Below are the entries; output exactly the lines from the one containing "2017 Box Office - LEGO Batman vs Get Out" through the final line, inclusive.

Data items
========

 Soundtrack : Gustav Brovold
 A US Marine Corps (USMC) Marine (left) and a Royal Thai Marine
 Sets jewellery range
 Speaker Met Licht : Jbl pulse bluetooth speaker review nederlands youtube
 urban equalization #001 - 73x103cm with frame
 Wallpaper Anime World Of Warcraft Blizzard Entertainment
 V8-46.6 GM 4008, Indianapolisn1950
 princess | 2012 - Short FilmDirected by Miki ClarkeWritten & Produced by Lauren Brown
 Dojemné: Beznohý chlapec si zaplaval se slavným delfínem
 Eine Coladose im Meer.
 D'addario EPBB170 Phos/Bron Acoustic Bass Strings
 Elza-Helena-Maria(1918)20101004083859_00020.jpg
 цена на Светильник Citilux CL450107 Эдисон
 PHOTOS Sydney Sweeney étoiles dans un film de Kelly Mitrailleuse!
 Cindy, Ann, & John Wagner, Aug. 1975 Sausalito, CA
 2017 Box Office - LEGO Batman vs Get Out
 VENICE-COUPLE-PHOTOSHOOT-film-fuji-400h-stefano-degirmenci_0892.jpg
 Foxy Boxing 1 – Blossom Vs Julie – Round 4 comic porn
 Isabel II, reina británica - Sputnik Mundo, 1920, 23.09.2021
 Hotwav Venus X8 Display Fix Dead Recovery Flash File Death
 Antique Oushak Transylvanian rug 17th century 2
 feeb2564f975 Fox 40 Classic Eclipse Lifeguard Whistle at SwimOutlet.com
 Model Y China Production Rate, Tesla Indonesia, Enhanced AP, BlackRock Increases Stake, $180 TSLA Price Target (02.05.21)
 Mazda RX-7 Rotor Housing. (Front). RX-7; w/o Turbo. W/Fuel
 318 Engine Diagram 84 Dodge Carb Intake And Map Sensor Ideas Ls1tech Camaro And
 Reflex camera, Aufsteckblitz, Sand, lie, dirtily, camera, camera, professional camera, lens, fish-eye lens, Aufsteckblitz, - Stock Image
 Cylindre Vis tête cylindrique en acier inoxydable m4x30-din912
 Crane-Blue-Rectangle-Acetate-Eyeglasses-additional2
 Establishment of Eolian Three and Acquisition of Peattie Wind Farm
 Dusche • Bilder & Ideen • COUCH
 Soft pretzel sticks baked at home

========

-- Response area --
 2017 Box Office - LEGO Batman vs Get Out
 VENICE-COUPLE-PHOTOSHOOT-film-fuji-400h-stefano-degirmenci_0892.jpg
 Foxy Boxing 1 – Blossom Vs Julie – Round 4 comic porn
 Isabel II, reina británica - Sputnik Mundo, 1920, 23.09.2021
 Hotwav Venus X8 Display Fix Dead Recovery Flash File Death
 Antique Oushak Transylvanian rug 17th century 2
 feeb2564f975 Fox 40 Classic Eclipse Lifeguard Whistle at SwimOutlet.com
 Model Y China Production Rate, Tesla Indonesia, Enhanced AP, BlackRock Increases Stake, $180 TSLA Price Target (02.05.21)
 Mazda RX-7 Rotor Housing. (Front). RX-7; w/o Turbo. W/Fuel
 318 Engine Diagram 84 Dodge Carb Intake And Map Sensor Ideas Ls1tech Camaro And
 Reflex camera, Aufsteckblitz, Sand, lie, dirtily, camera, camera, professional camera, lens, fish-eye lens, Aufsteckblitz, - Stock Image
 Cylindre Vis tête cylindrique en acier inoxydable m4x30-din912
 Crane-Blue-Rectangle-Acetate-Eyeglasses-additional2
 Establishment of Eolian Three and Acquisition of Peattie Wind Farm
 Dusche • Bilder & Ideen • COUCH
 Soft pretzel sticks baked at home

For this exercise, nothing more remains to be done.